Retirement And Insurance Forms

Forms

fe6, Claim for Death Benefits

This claim must be completed thoroughly after following the instructions stated therein. For death of a Federal employee, annuitant, or compensationer, use this form for claiming for death benefits. See this page for requirements and guidance materials.

ri 38-107, URGENT – Reply Required Within 30 Days to Avoid Interruption of Your Payment

The purpose of this form is for the Office of the Personnel Management to verify the records of the survivor. This is to ensure that the annuity payment, as well as informational correspondence, are received by the rightful survivor. It is the information that is being verified,

 

ri20-7, Representative Payee Application

The purpose of soliciting the required information is to determine the representative payee’s  relationship with the annuitant.
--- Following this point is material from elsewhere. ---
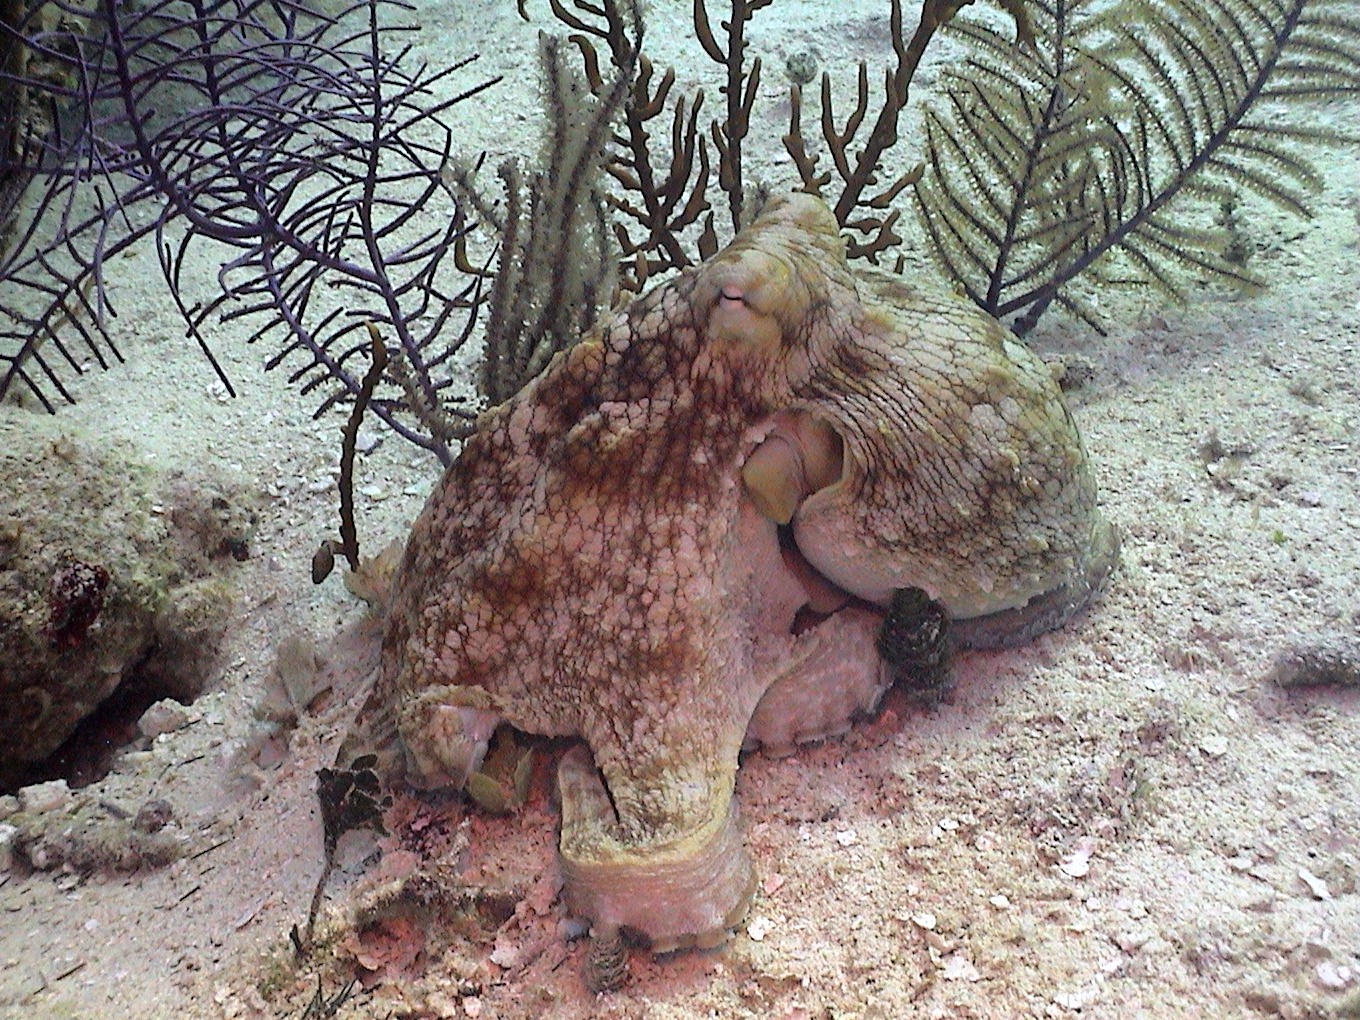 Octopus in Belize

It also features the extent of the representative’s  ability to take care of the  annuitant’s financial affairs. The  representative is  advised to answer all of the questions.
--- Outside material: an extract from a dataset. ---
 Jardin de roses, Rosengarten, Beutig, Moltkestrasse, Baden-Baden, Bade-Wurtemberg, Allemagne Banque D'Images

ri30-1, Request for Information

In order for the Retirement Services Publications Team of the Office of Personnel Management to determine your entitlement to continuation of disability annuity payments, there is a need for you to ask your physician or treating medical facility to provide relevant information as enumerated in the form itself.
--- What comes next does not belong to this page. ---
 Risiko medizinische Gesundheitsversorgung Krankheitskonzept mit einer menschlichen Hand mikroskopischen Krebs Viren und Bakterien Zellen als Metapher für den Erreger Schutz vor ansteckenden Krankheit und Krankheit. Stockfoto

ri38-122, Alternative Annuity and Rollover Election

For you to complete this form, you need to read the Alternative Annuity Election Information for Employees.  The complete alternative annuity election package from the Office of the Personnel Management  is necessary for you to make an alternative annuity election.  Provide your certification which states that you have no former spouse who is entitled to receive a portion of your annuity or your annuity. For the rollover election, choose one option as indicated in the form itself.

 

ri38-124, Voluntary Contributions Election

Please read carefully all the information provided in this form  which pertain making voluntary contributions election, before completing it. There are line instructions for you to be guided in answering all questions accurately.

 

Ri79-9,Health Benefits Cancellation/Suspension Confirmation

This form can be completed and filed by Civil Service Retirement System and Federal Employee Retirement System  annuitants,  survivor annuitants, and former spouse annuitants. The applicants can decide to cancel or suspend enrollment in the Federal   Employee Health Benefits Program. They are advised to read  the front and back of the form.

 

ri92,-19, Application for Deferment or Postponement Retirement

This application is to be completed by a former Federal employee who was covered by the Federal Employee Retirement  System. The applicant is advised to read carefully  the instructions pertaining to  retirement annuity.

ri10-125, Federal Employee Retirement Coverage Correction Act (FERCCA)

The employee fills out information as indicated. The employee has received sufficient information to make an informed decision or final and irrevocable election. The election is based on the Federal Employee Retirement Coverage Corrections Act. Likewise, the decision is made pursuant to the FERCCA Election Summary material.

 

ri_30-10_june_2010_508, Disabled Dependent Questionnaire

Whatever pertinent answers you will provide on this Disabled Dependent Questionnaire, the same will be used to collect sufficient confirmation. The medical condition and evidence capacity would be the bases of the Office of Personnel Management to check whether a disabled adult child is eligible for continued benefits: health benefits coverage and survivor annuity payments. These 2 reasons are under the Civil Service Retirement System or the Federal Employees Retirement System.